For an American, even one inclined to recognise the deep roots of American order in Israel and antiquity, these three centuries must seem nearly an eternity—indeed, they are virtually the whole of our historical experience on this continent. From an American perspective, circa 1775, the legacy of Whig usurpation, violence and abstraction was already in some sense "traditional" and relatively well-established in precedent—the rights of Englishmen our ancestors claimed were, in the sweep of history, fairly new and based on contractarian and rights theories just as speculative and ahistorical in their own way as any imagined in France, but they had acquired a certain respectability and stability through their institutionalisation and their ready application in colonial life.
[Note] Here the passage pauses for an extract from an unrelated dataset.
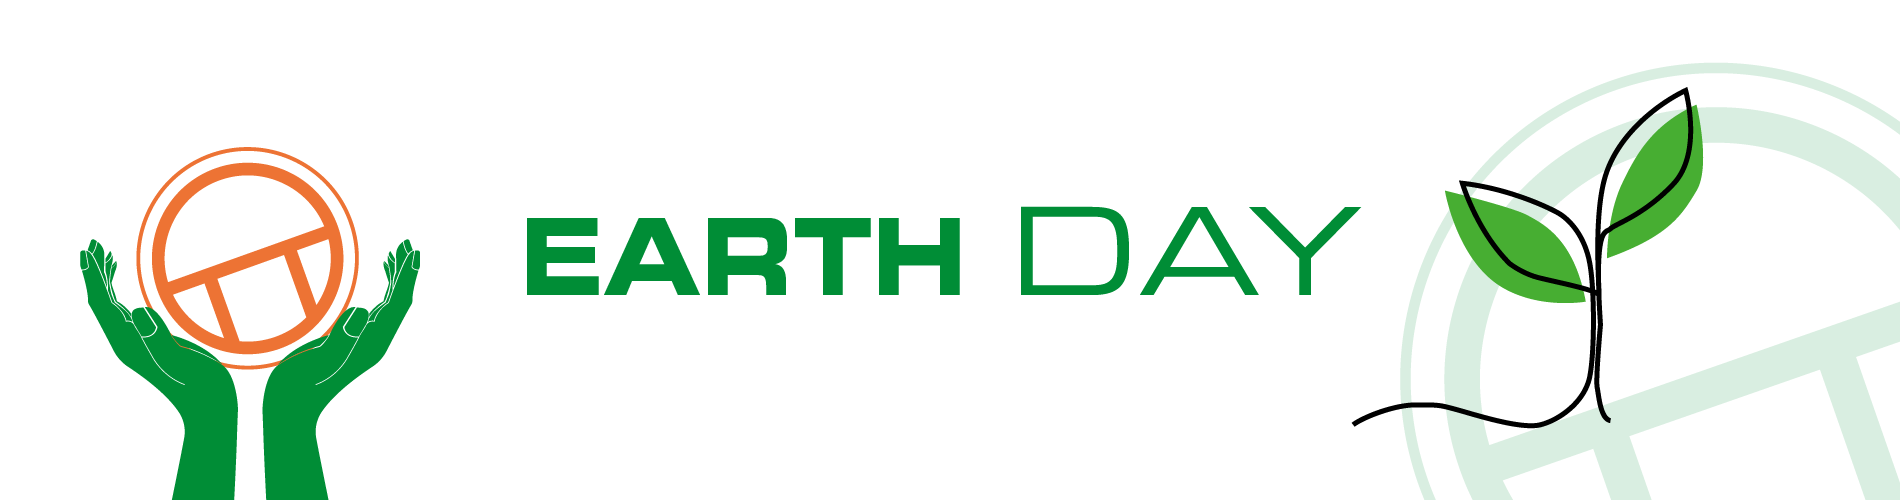 earthday celebration - banner

The accidental seventeenth-century alliance between Dissenting and Reformed Christianity, the parliamentary cause and a philosophy of natural rights grew steadily stronger in the course of the Stuart dynasty, which in turn lent an unusual plausibility to the accommodation of Enlightenment claims and Christianity in English and American societies.
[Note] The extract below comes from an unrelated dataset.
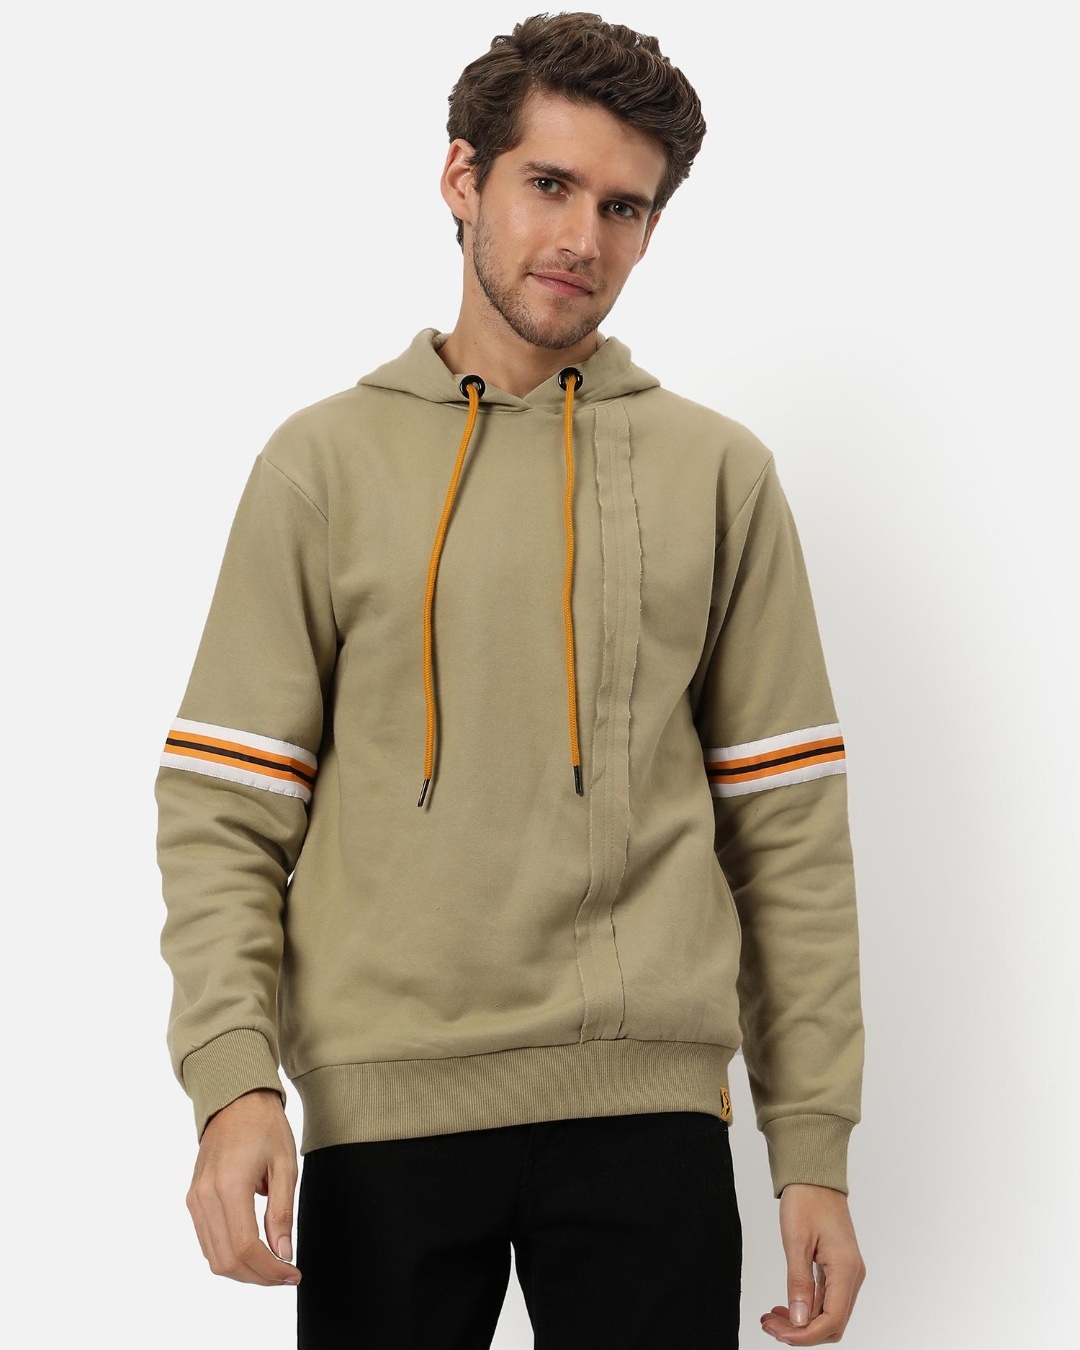 Buy Men's Beige Hooded Sweatshirt Online at Bewakoof

The results were the virtually universal Anglo-American embrace of political liberalism of one stripe or another and the tendency towards the unhealthy and rather odd identification of the "causes" of liberalism and Christianity, which profited from and deepened the secularisation of Anglo-American cultures here and in Britain. It is not surprising, then, that it was not until American Catholics, for whom the mythical alliance of Protestantism and political progress was always as nonsensical as it was often offensive (for what it implied about the Catholic church and Catholic nations), began fully to come into their own culturally, politically and intellectually that this largely unexamined accommodation continued unabated. It is perhaps also not surprising that American conservatism found its early champions in intellectuals (e.g., Weaver, Kirk, Burnham) whose journeys typically began on the left or far left, as these men had already taken the assumptions of the liberal age to their logical and unavoidably absurd conclusions and then recoiled in contempt at what they had found waiting for them...
(Thanks to Orrin)

"...recoiled in contempt." Precisely the right attitude.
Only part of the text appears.